Work to be completed>
In this exercise, return the whole listing exactly, excluding any images.

Given material>

__________

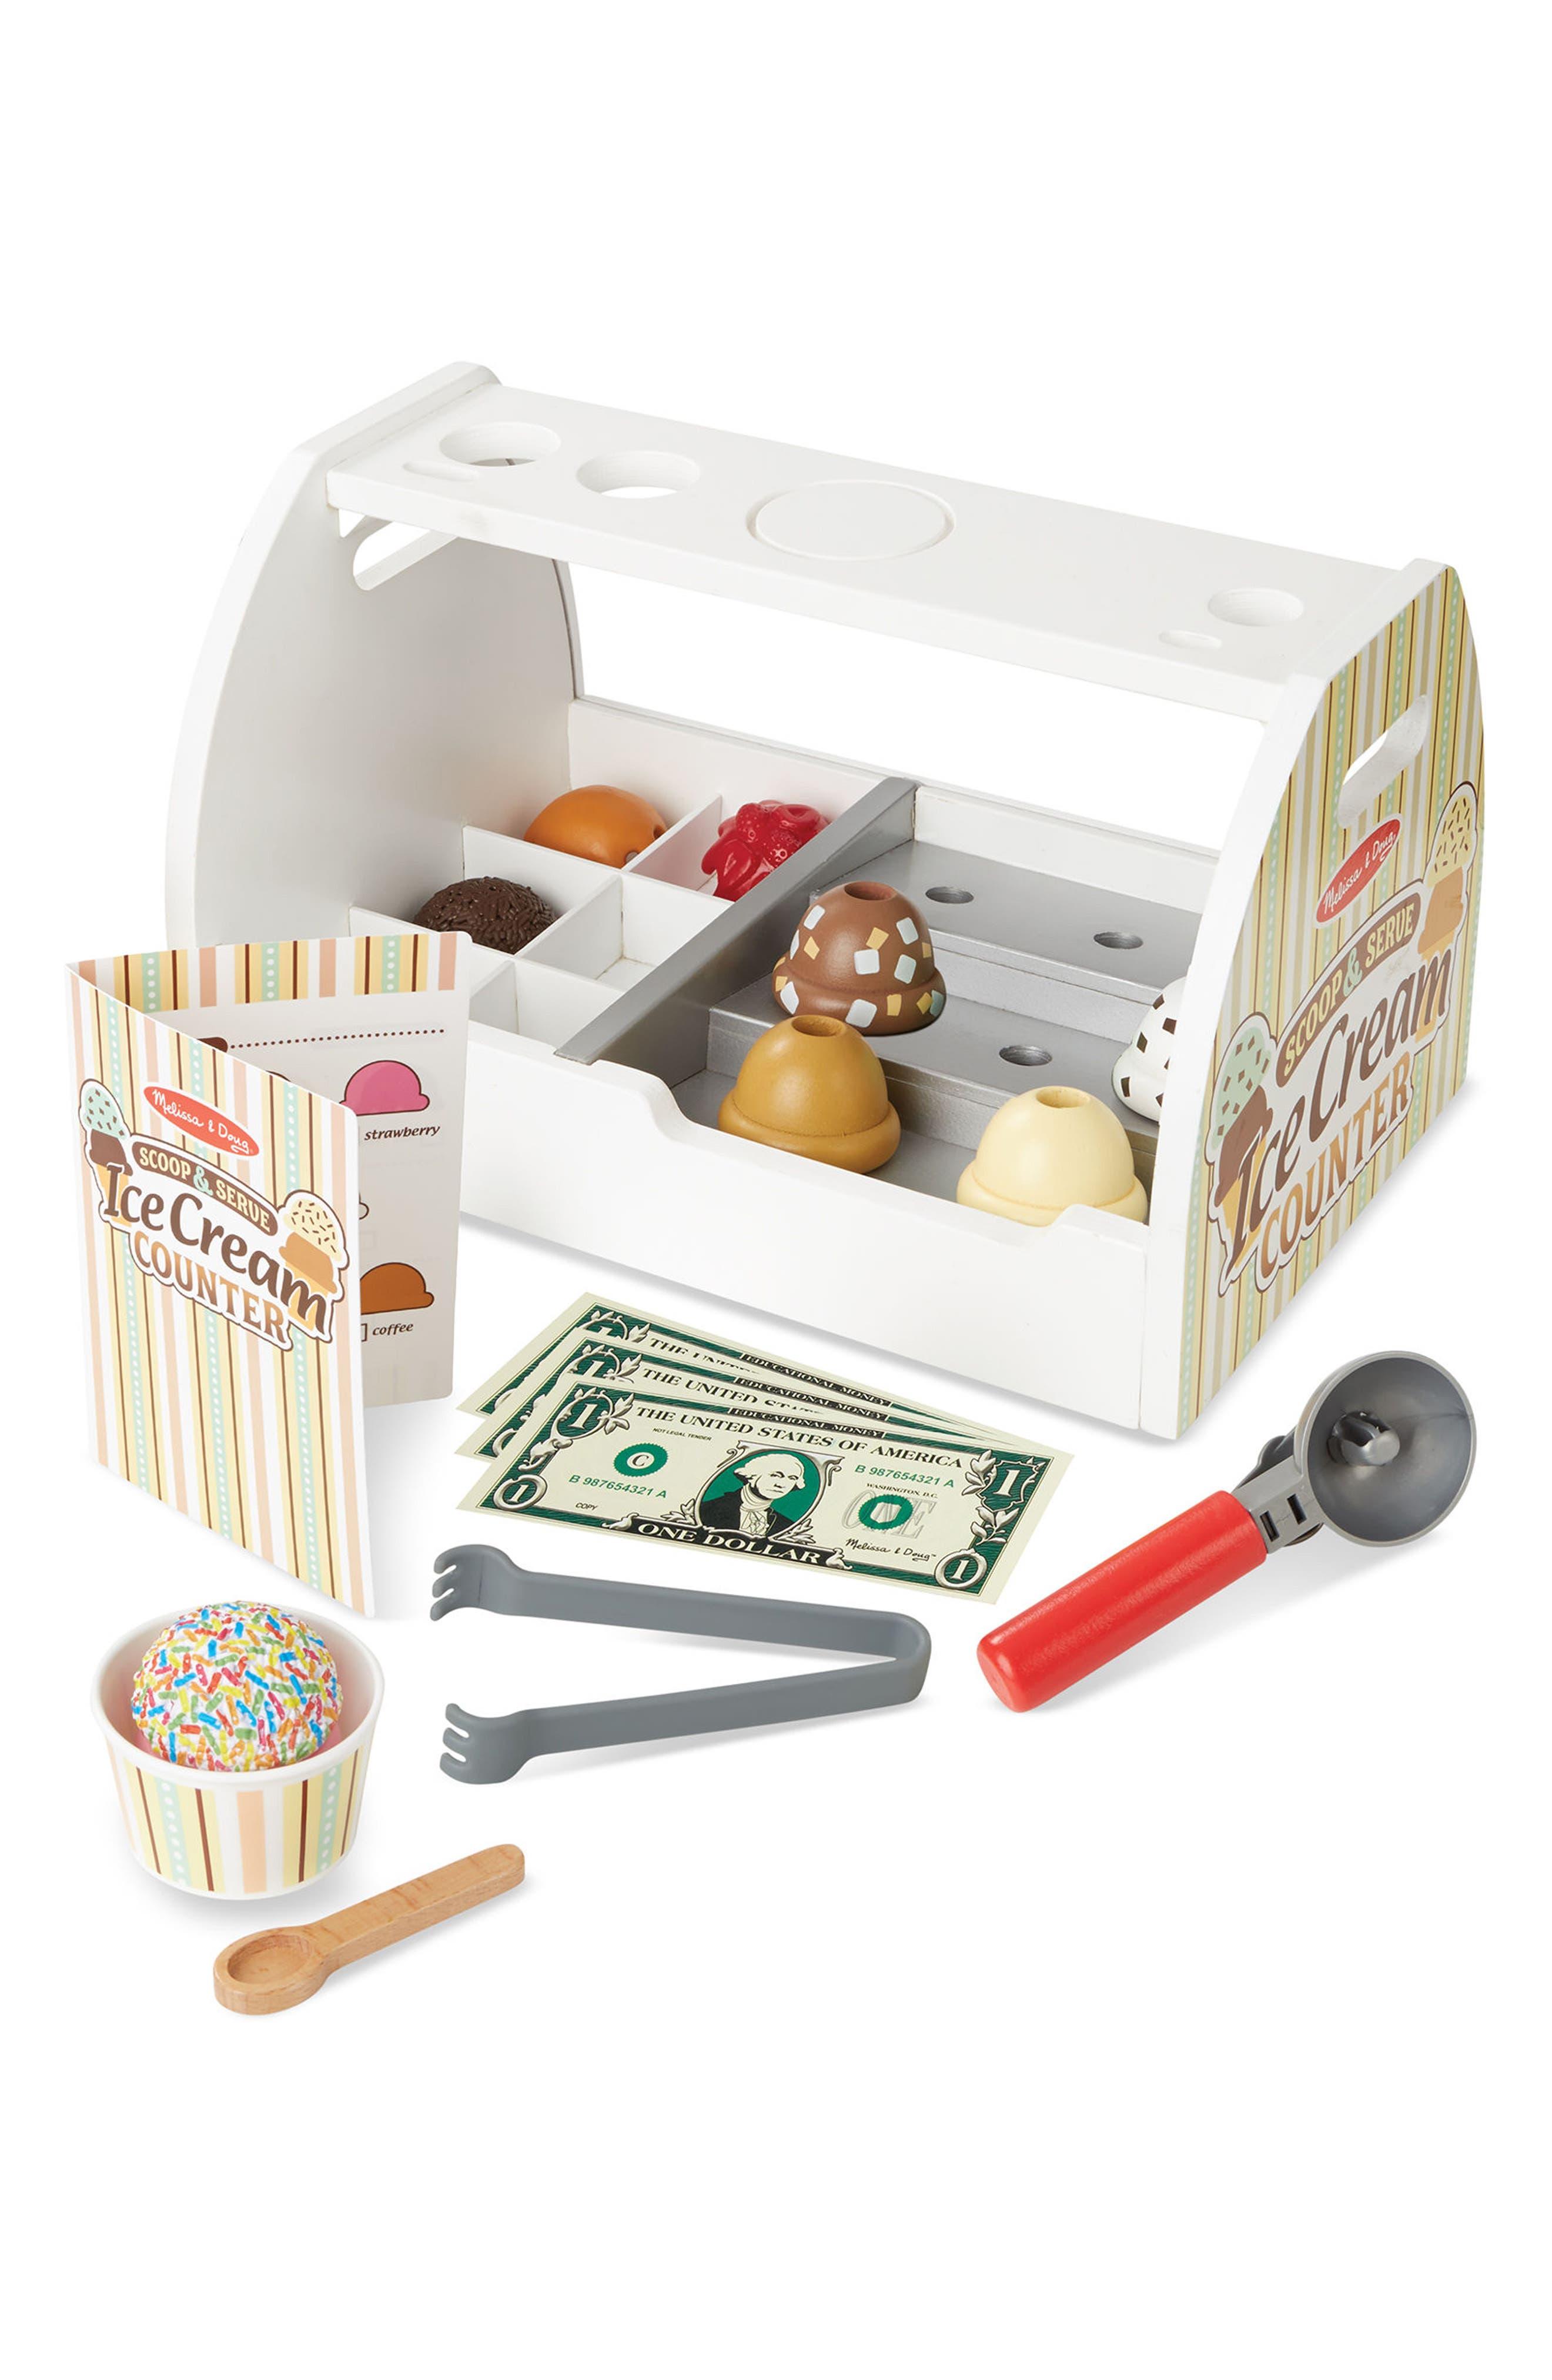 Ice Cream Counter Play Set,                             Main thumbnail 1, color,                             MULTI
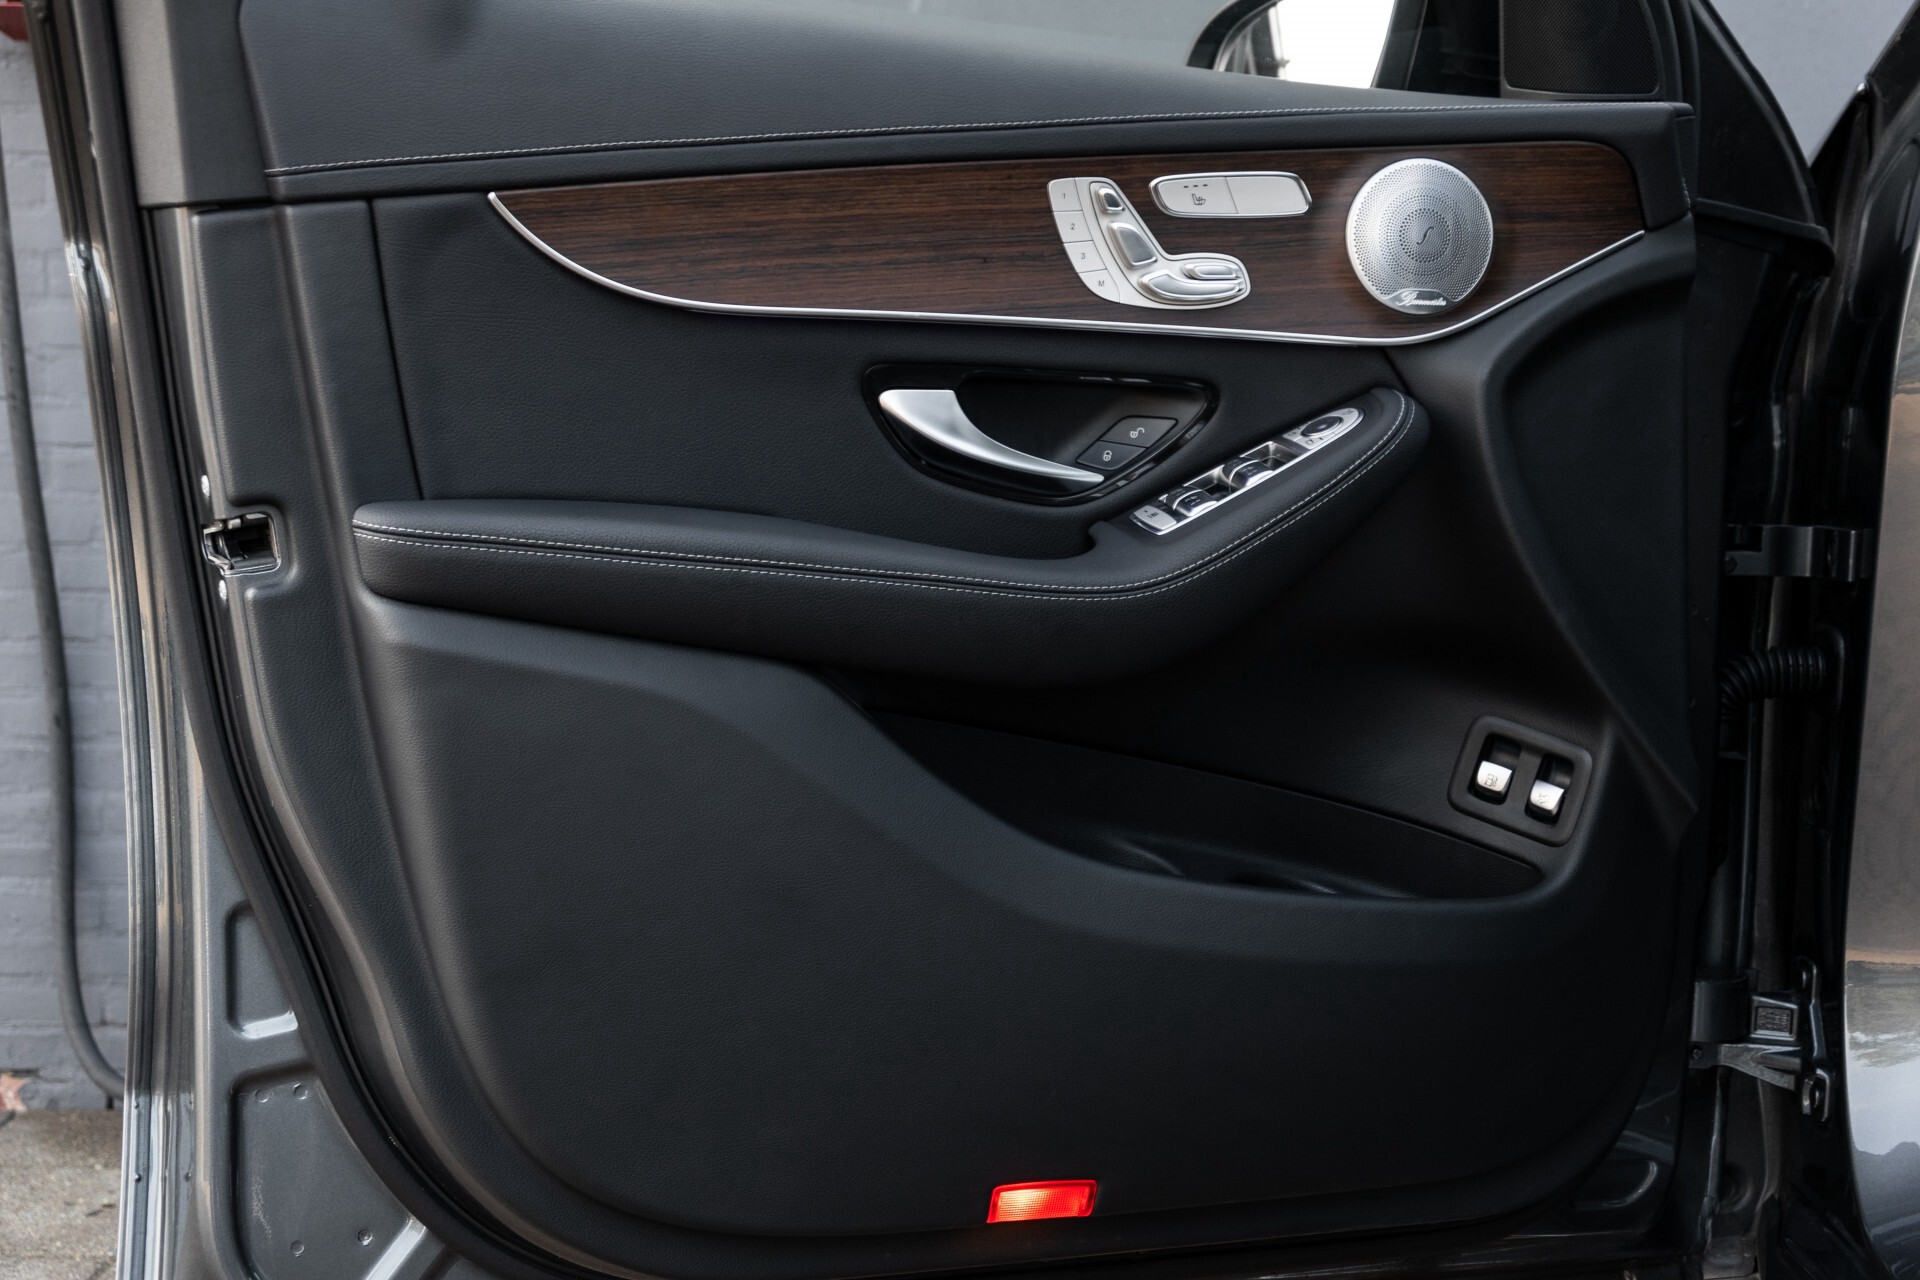 Mercedes-Benz GLC 300e 4-M Luchtvering/Panorama/Multicontourstoelen/Rij-assistentie/Standkachel Aut9 Foto 21
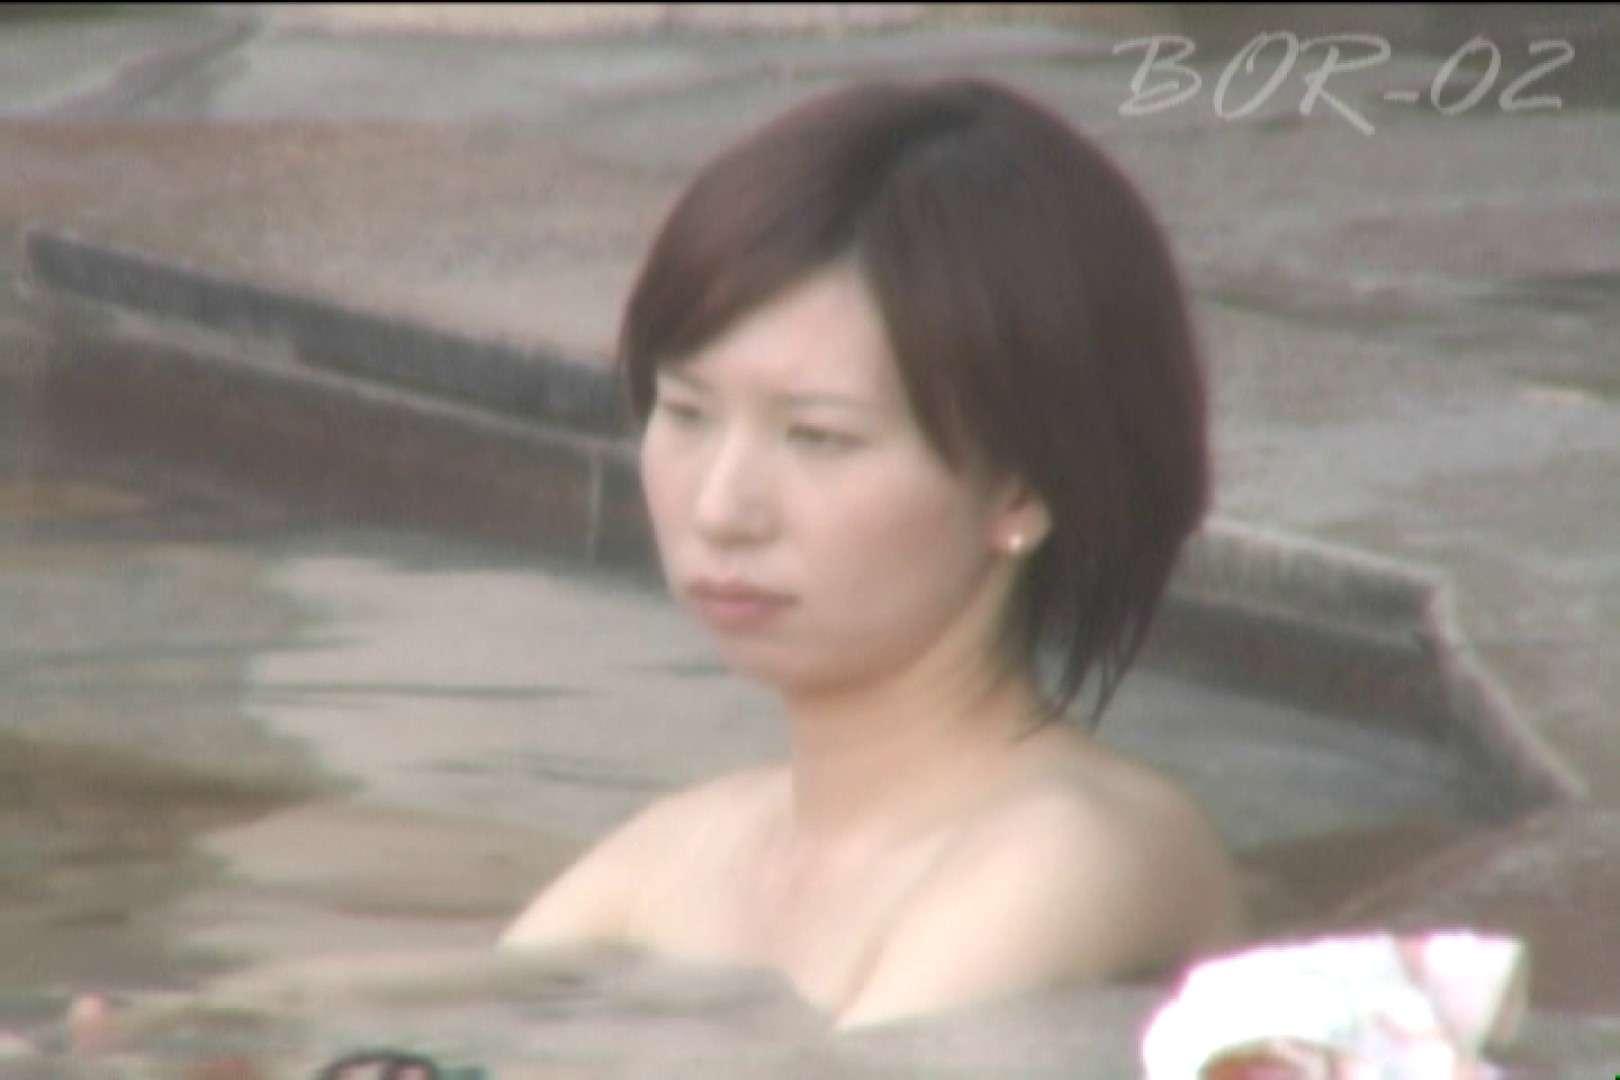 Aquaな露天風呂Vol.475 露天 | OLセックス  96画像 16

__________

Result of the exercise>
 Ice Cream Counter Play Set,                             Main thumbnail 1, color,                             MULTI
 Mercedes-Benz GLC 300e 4-M Luchtvering/Panorama/Multicontourstoelen/Rij-assistentie/Standkachel Aut9 Foto 21
 Aquaな露天風呂Vol.475 露天 | OLセックス  96画像 16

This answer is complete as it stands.